6. Effect of ET-1 and Ang II on Bone Formation

The process of vascular calcification is analogous to bone formation. The putative effects of Ang II and ET-1 on vascular calcification are consistent with their effects on bone formation. ET-1 promotes both osteoblastic proliferation and differentiation leading to the formation of bone nodules in osteoblastic progenitor cells [59]. ET-1 modulation of the expression of the two phenotype-related gene products of osteoblasts suggests that ET-1 modulates osteoblastic functions and plays a role in the regulation of bone metabolism [55]. There is some contrary data. ET may decrease the expression of mRNA for osteocalcin, which is a marker protein for the maturation of osteoblastic cells and inhibit the mineralization of osteoblastic cells in vitro under some circumstances [60].

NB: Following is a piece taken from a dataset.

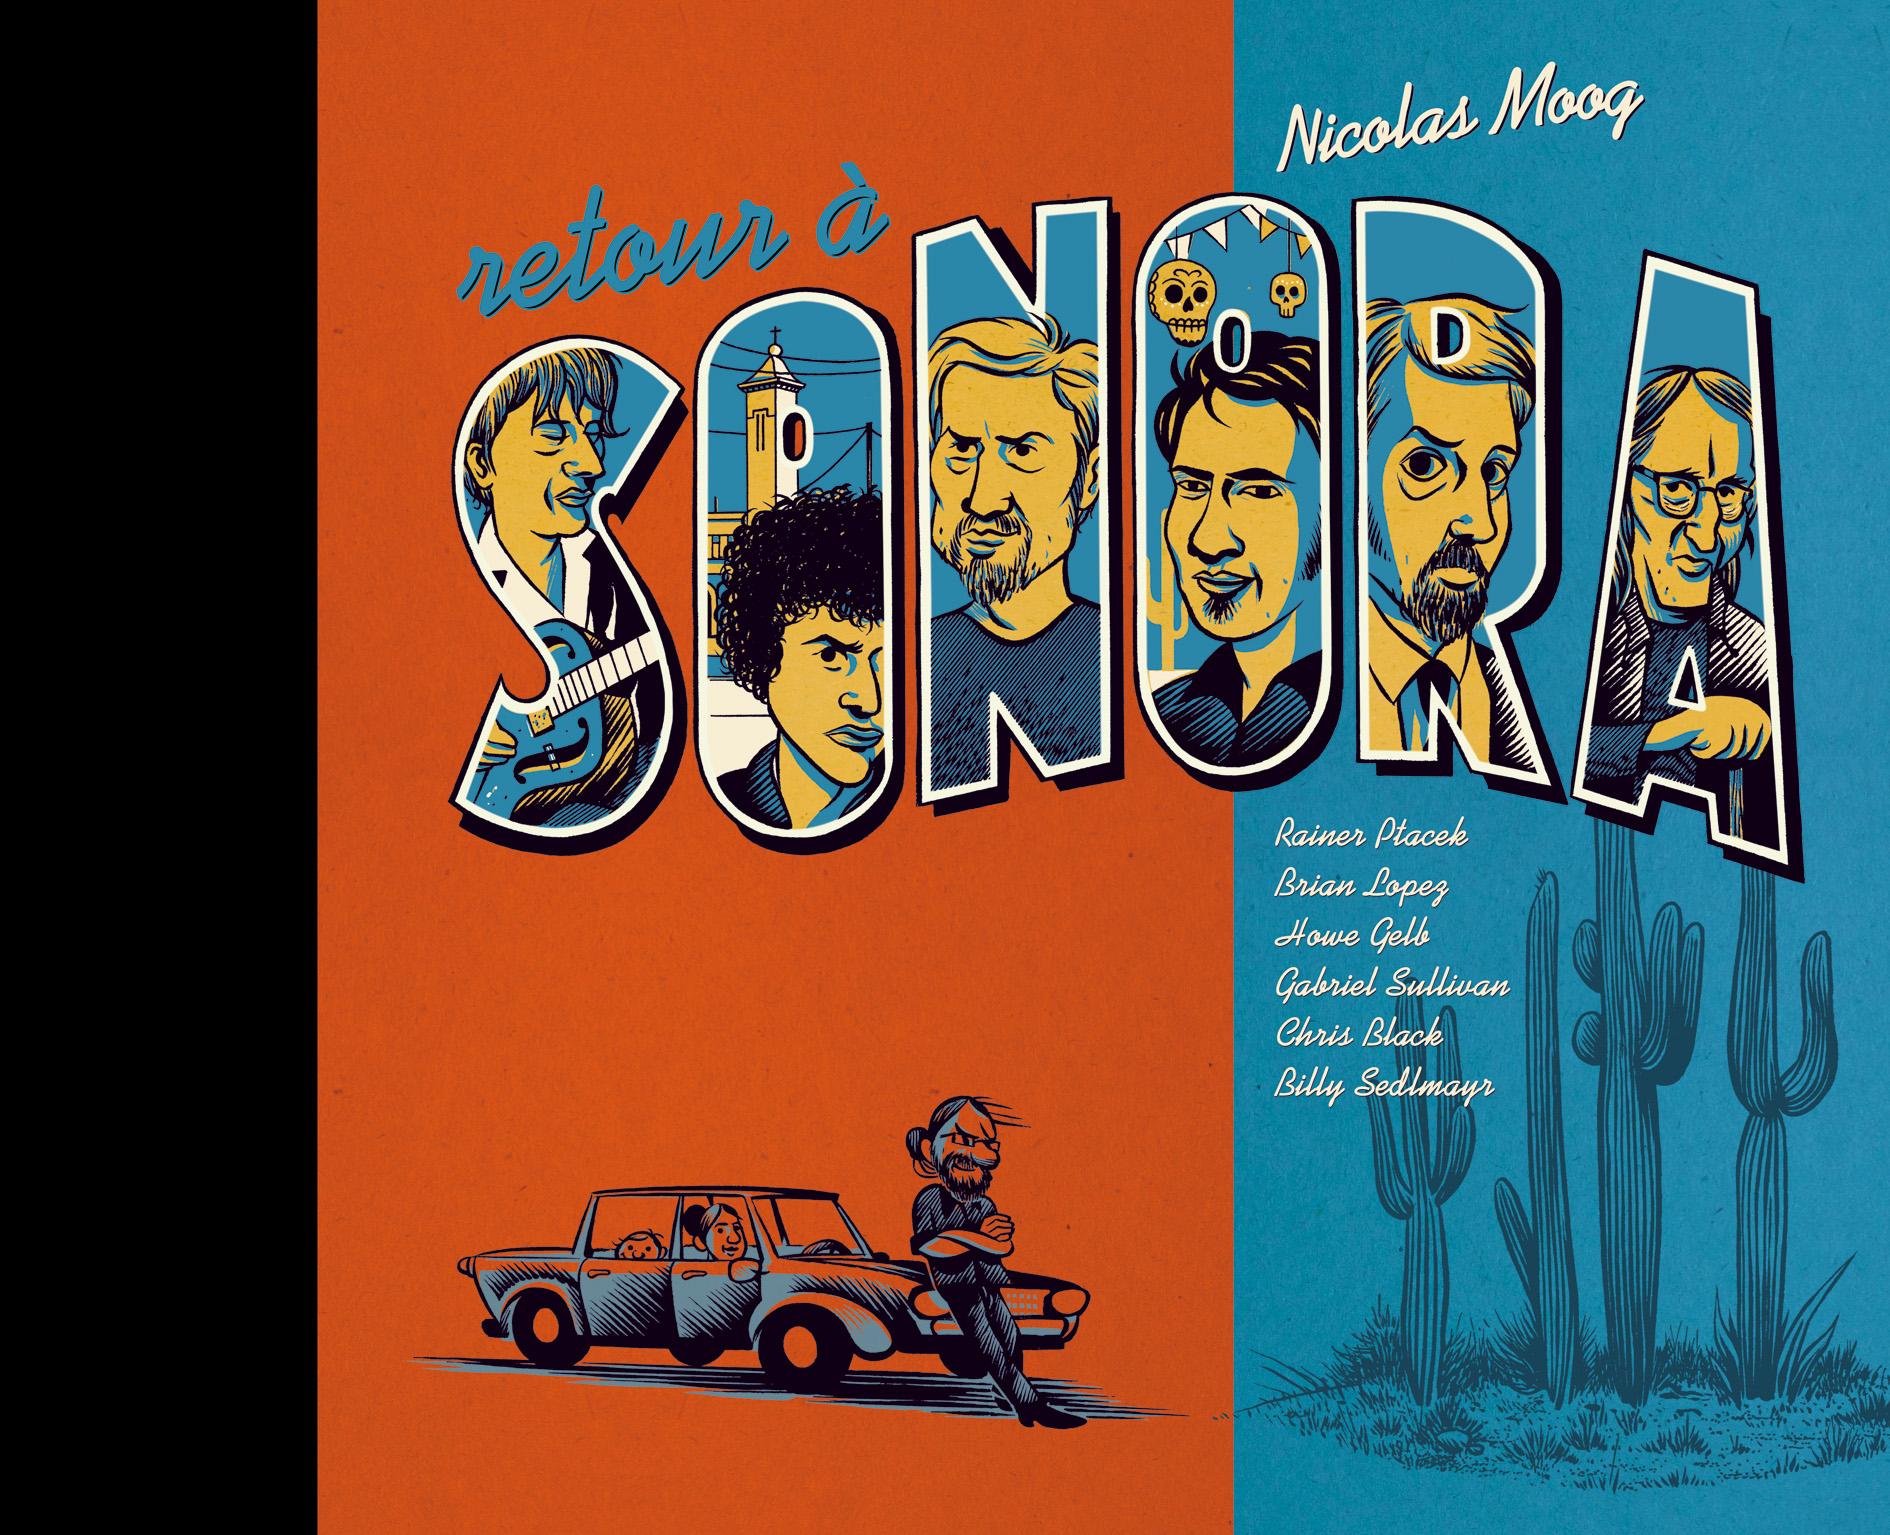 Retour à Sonora Nicolas Moog Six Pieds sous terre

The effect of Ang II is different from ET-1. Ang II decreased alkaline phosphatase activity in bone cell populations derived from the periosteum of fetal rat calvariae consistent with reduction in bone formation [61]. Ang II also stimulates bone resorption. This has been demonstrated in both in vitro and in vivo models. Ang II stimulated bone resorption in cocultures of osteoclasts with osteoblastic cells [62]. In bone marrow-derived mononuclear cells, Ang II significantly increased osteoclasts via RANKL induction [63]. In a rat ovariectomy model of estrogen deficiency, administration of Ang II accelerated the decrease in bone density and Ang II receptor antagonism attenuated the decrease in bone density [63]. These data strongly point to a role for Ang II as factor that reduces the amount of bone mineralization.

7. Conclusion

In summary, the link between hypertension and coronary artery calcification can be related to an action of the vasoconstrictor peptide ET-1 on several processes that have been implicated in the pathogenesis of coronary artery calcification. This is illustrated in Figure 4. The ability of ET1 to consistently increase phosphate transport into the cell suggests that in conditions of hyperphosphatemia, that may occurs in end-stage chronic kidney disease, there is a heightened entry of phosphate into vascular smooth muscle. An increase in cellular phosphate can increase cellular calcification through at least three different mechanisms—an increase in calcium x phosphate product transformation of VSMC to a bone-producing cell phenotype or cell apoptosis that releases procalcific substances. ET-1 affects other modulators of calcification in a manner that tips the balance in favor of calcification, namely, inhibiting the inhibitors of calcification, matrix Gla as well as osteoprotegerin and perhaps fetuin while enhancing the effects of procalcific factors such as BMP-2 and osteopontin. In contrast, another vasoconstrictor peptide operative in hypertension, angiotensin II, is highly unlikely to be responsible for coronary artery calcification. Ang II inhibits cellular phosphate transport, and increases the presence of inhibitors of calcification, matrix Gla protein and osteoprotegerin.

Figure 4

A simplified schematic of some of the putative effects of endothelin-1 (ET-1) leading to vascular calcification discussed in this paper.